Work order:
What you return should be the complete listing, unchanged, with no pictures in it.

---- Information provided

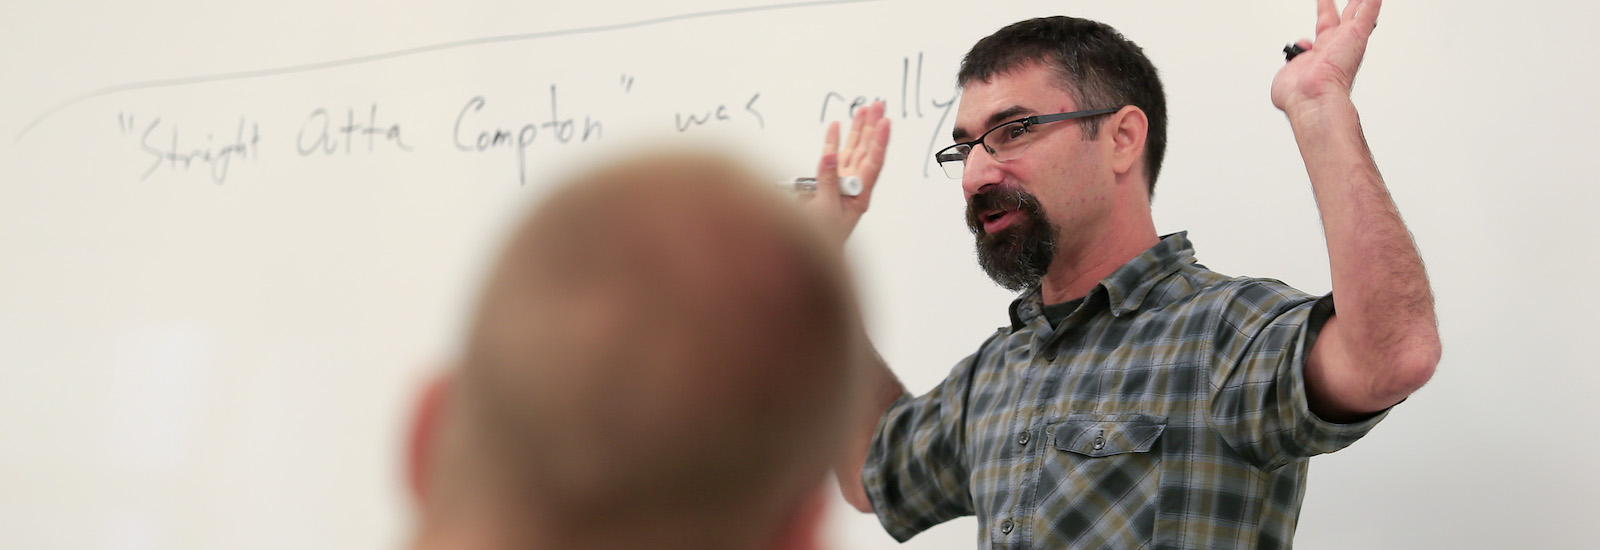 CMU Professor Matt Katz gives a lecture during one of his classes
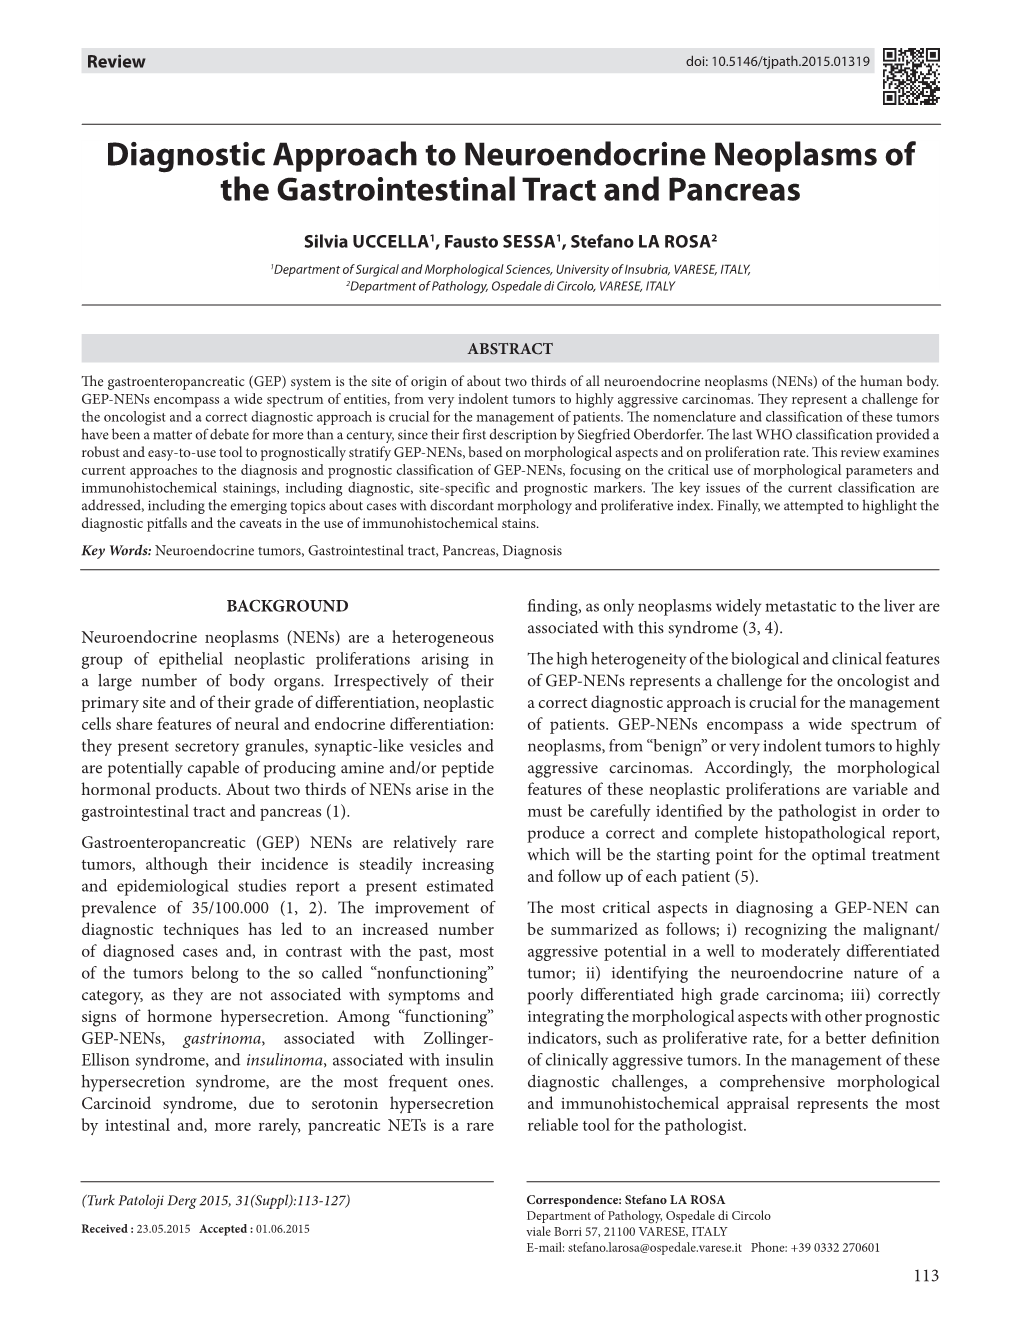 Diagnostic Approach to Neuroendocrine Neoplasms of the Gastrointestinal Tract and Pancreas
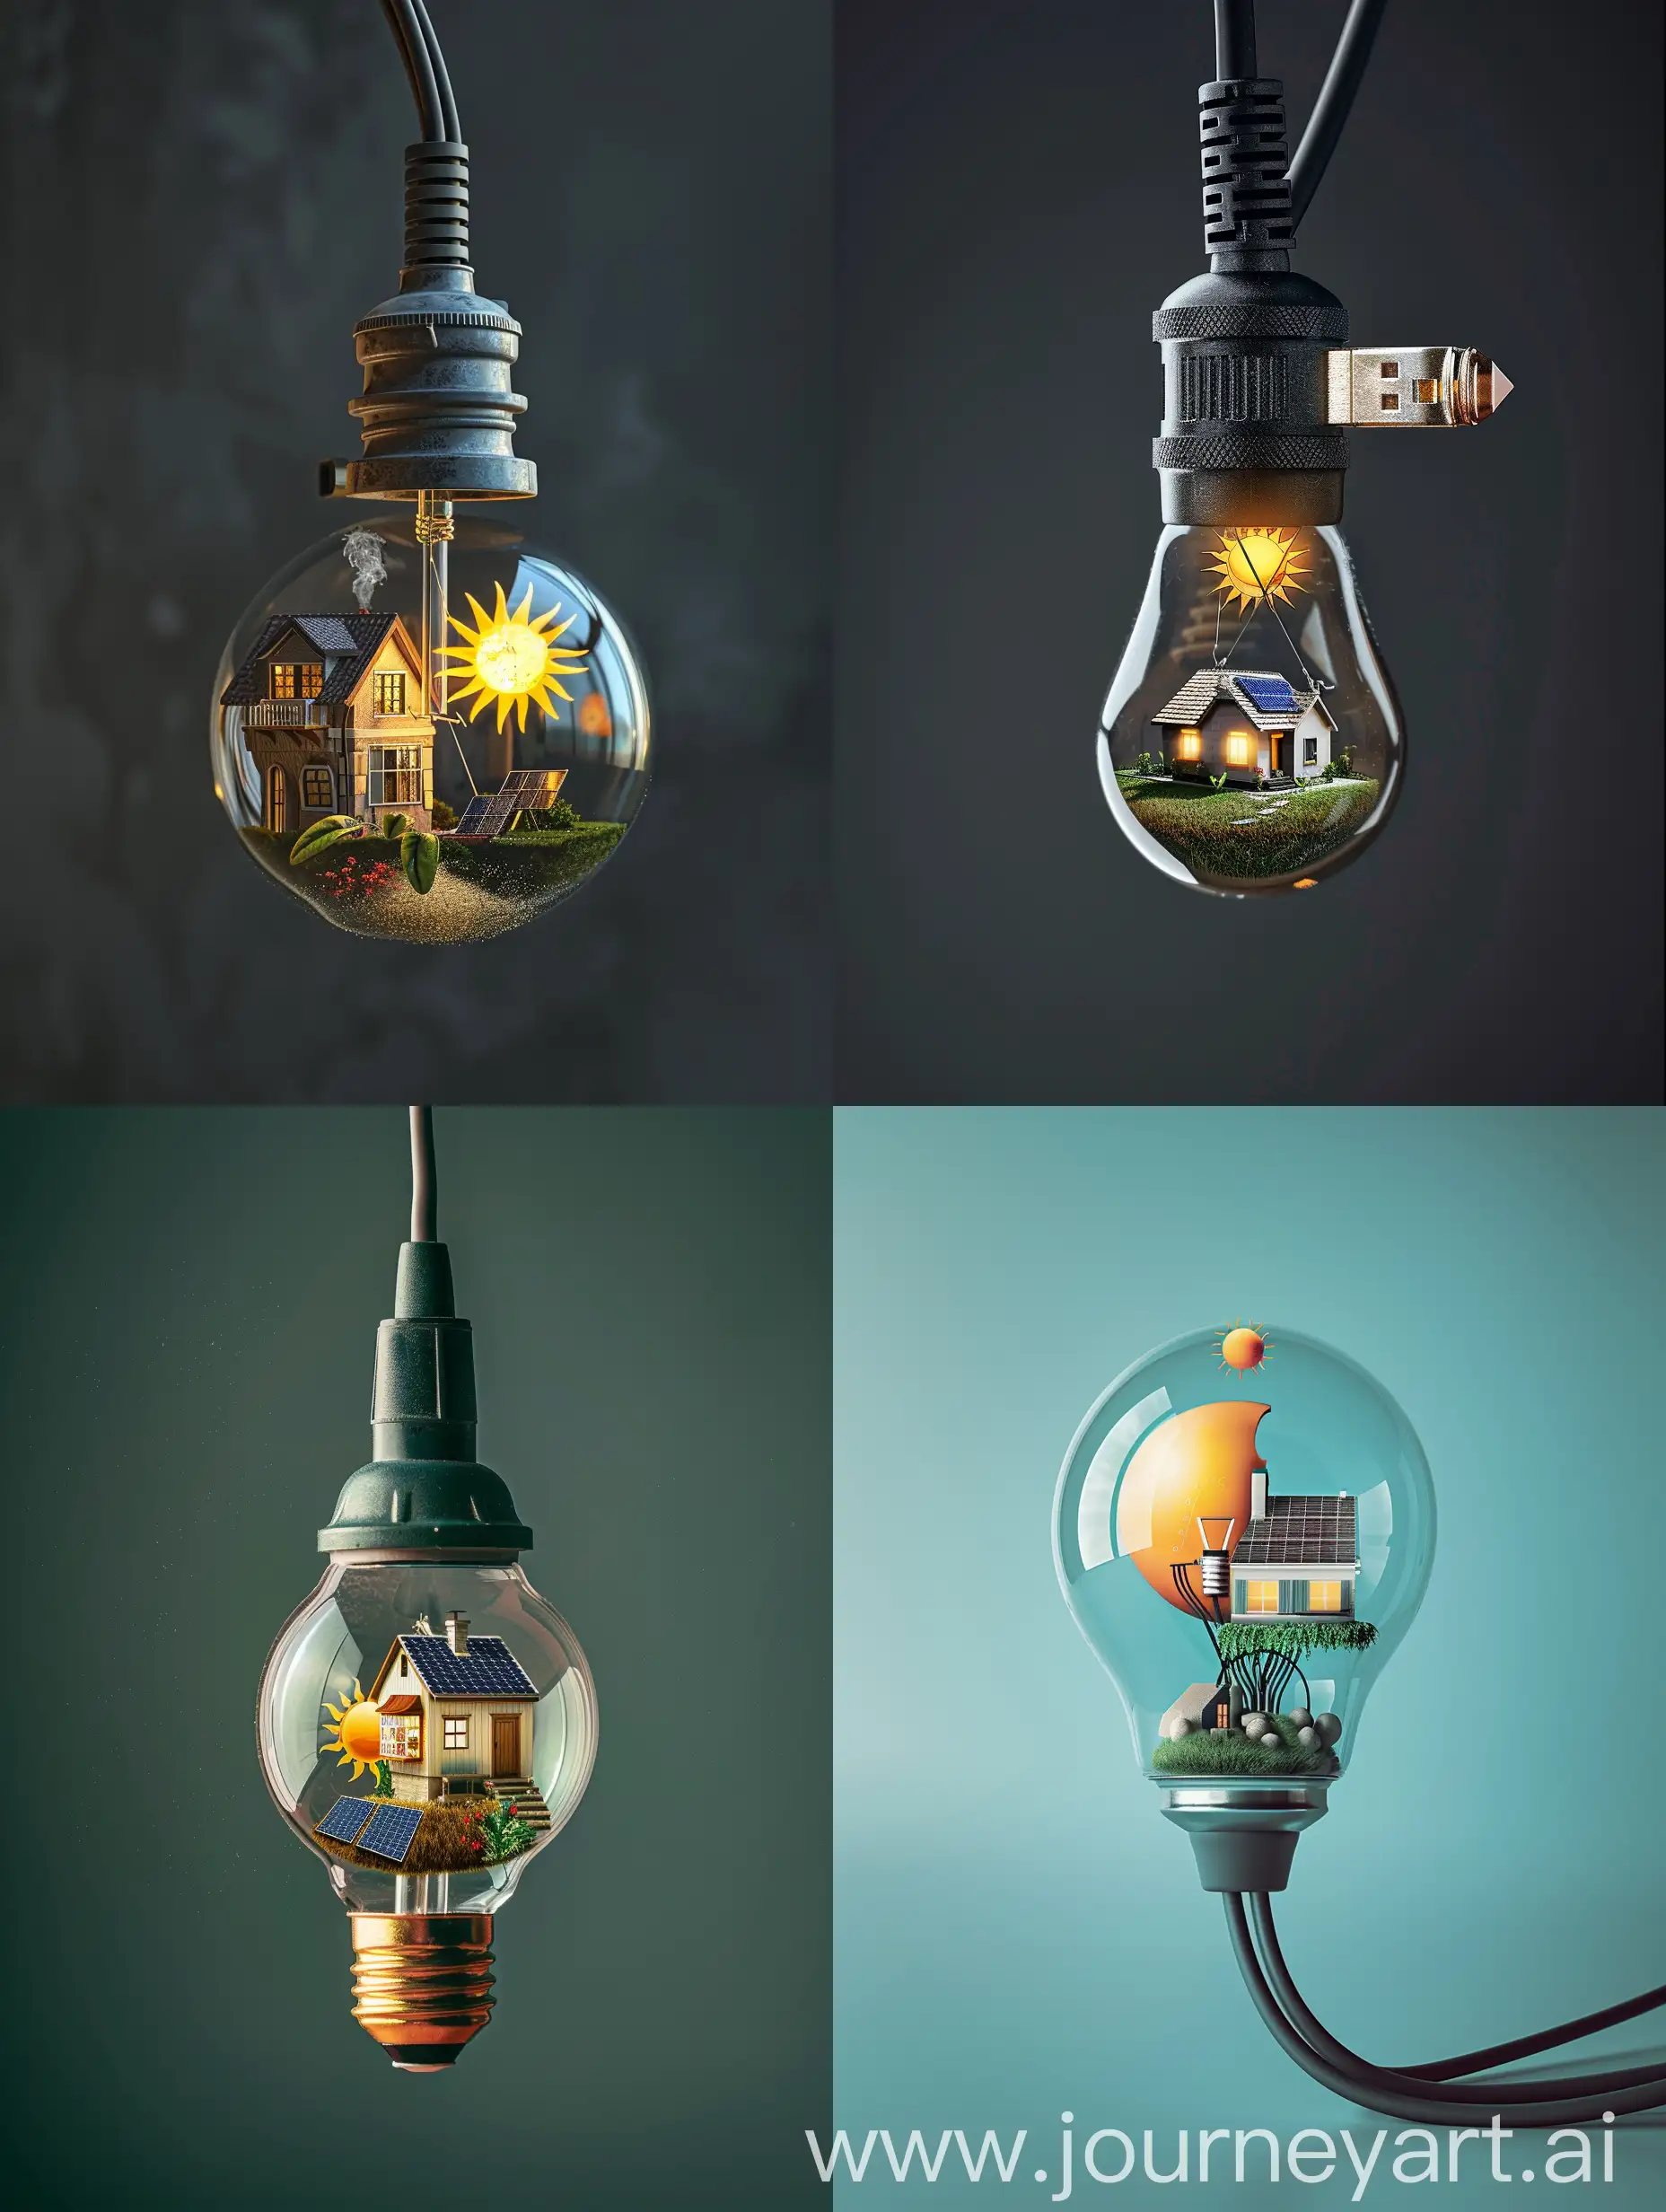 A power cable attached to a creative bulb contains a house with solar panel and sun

--------

Answer:
 CMU Professor Matt Katz gives a lecture during one of his classes
 Diagnostic Approach to Neuroendocrine Neoplasms of the Gastrointestinal Tract and Pancreas
 A power cable attached to a creative bulb contains a house with solar panel and sun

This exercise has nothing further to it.